Retired NWO launches epic motorcycle adventure

Twonie Project motorcycle adventure

Naval Warfare Officer Lieutenant-Commander (ret’d) Michael Greer and his wife Angela show off their riding equipment at their home near Brentwood Bay. The couple is preparing for a ten-year motorcycle trip around the world in a charitable initiative to raise money for orphanages in several countries. Credit: Peter Mallett/Lookout Newspaper.

Peter Mallett, Staff Writer — A local retired Naval Warfare Officer and his wife sold their house, car, and 90 per cent of their worldly possessions to embark on the trip of a lifetime.

“As the departure date gets closer, it’s getting real, and we are both very excited as the countdown continues,” said Angela Greer.

Angela and her husband, Lieutenant-Commander (Ret’d) Michael Greer, plan to take their 2022 Honda CRF300L Rally motorcycles worldwide to support their newly-created Twonie Project, a charitable initiative to benefit disadvantaged children. The initiative will see the couple ride around the world while supporting organizations, including Child Impact International, a non-profit organization committed to making a difference in the lives of children and people in poverty. 

The pair has been avidly riding motorcyclists for decades.

“For the next ten years, we will be travelers,” Michael said. “That is much different than being a tourist because we will be interacting with people, experiencing their culture first-hand and having all sorts of adventures.”

The inspiration for the Twonie Project came when Michael visited a few orphanages in Mexico and Bolivia. The state of dis-repair in these orphanages prompted the couple to spend their retirement years helping. They will cover their costs through Michael’s pension and retirement savings so that all the money they raise goes toward the Project.

“We are well aware every moment isn’t going to be a smooth ride and there is some element of danger, but we will have a great adventure to look back on,” Michael said.

Michael joined the Royal Canadian Navy in 1999 and retired this February as a Canadian Submarine Force HQ member in Esquimalt.

“I served around the world representing Canada working with partnered nations in conflict zones and helping other nations improve maritime security,” he said. “We both love to travel and work with kids, so helping orphaned children through the Twonie Project would add meaning to our travels.”

Angela enjoyed a 19-year residential and development real estate career before retiring in 2015 and says she is equally excited about their upcoming adventure. She quickly agreed with the plan after Michael pitched the idea a few years ago.

“So much of what we own is replaceable; if we don’t come back for ten years, why would we pay the bills,” she said. 

They will begin their journey on March 12. At the moment, the couple intentionally has no firm itinerary.

“We like to travel slowly and enjoy our surroundings and the people we meet in each place,” Michael explained.

The Greers will return to Victoria several times over the next decade to visit their children and take care of personal matters.

To celebrate their departure and raise awareness of the Twonie project, the Greers have organized a send-off party and pancake breakfast on March 12 at Lakeview Christian School from 9 to 11 a.m. At the end of the event, they will put on their helmets and riding gear, rev their engines and head out on the highway to begin their adventure.

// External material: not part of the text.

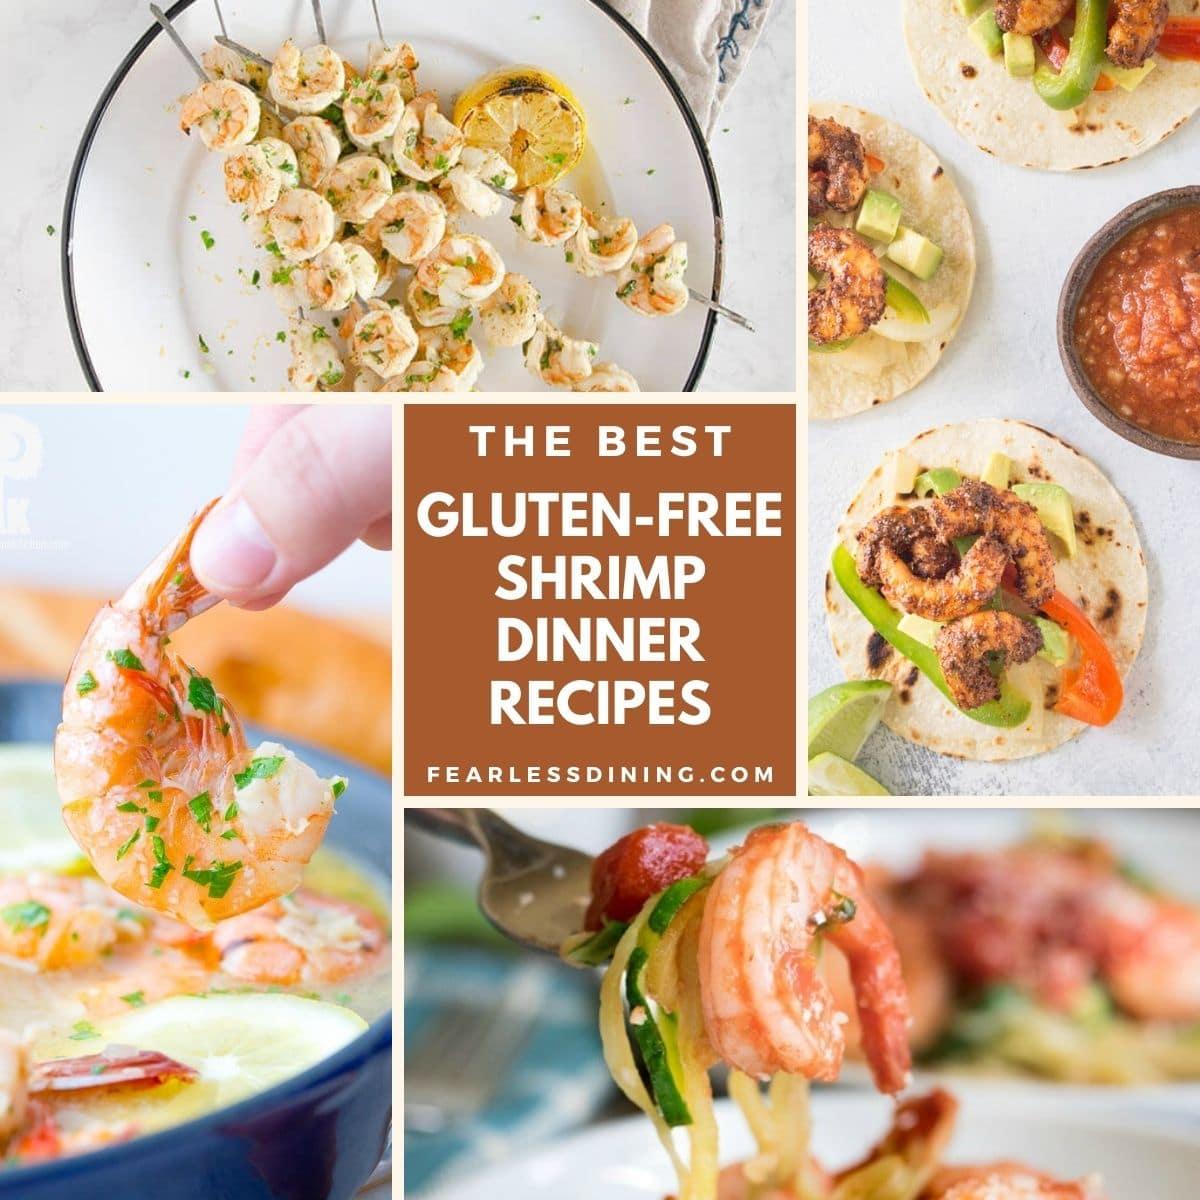 a collection of four shrimp recipe photos

Ride south along the Pacific Coast to Mariposa, California to promote their efforts at a meeting of motorcycle travellers.

Later, in Flagstaff, Arizona, they will share their story at a trade show for overlanders called Overland Expo West.

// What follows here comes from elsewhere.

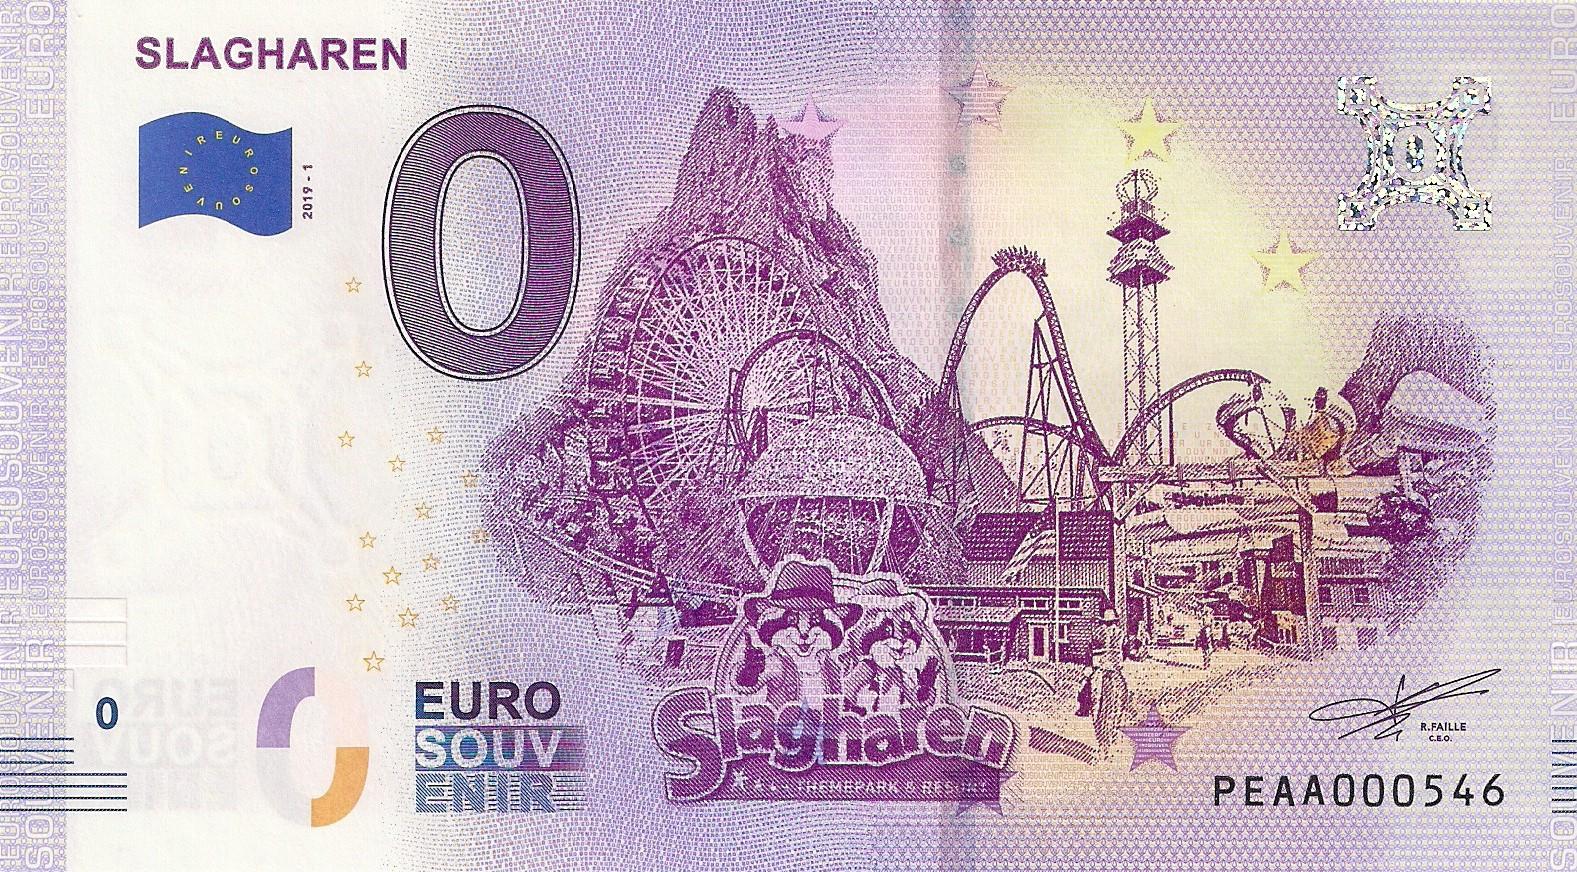 0-euro-slagharen-souvenir-note.jpg

Then they will head south to Guadalajara, Mexico, to participate in an extensive Spanish language program.

In the trip’s preparations, the couple has completed a Remote First Aid Course, been inoculated with many vaccines, and had extensive conversations and exchanges with seasoned world-travel motorcyclists about what to expect.

Much of their preparation has been deciding on what essential gear to bring with them on their trip. They have just 70 litres of luggage capacity, so they can only include essentials such as identification, cell phones, a first aid kit and basic personal items like clothing and toiletries.

Michael and Angela know the inner workings of their motorcycles and how to repair them. The engines of their Hondas are easy to repair, with parts available globally.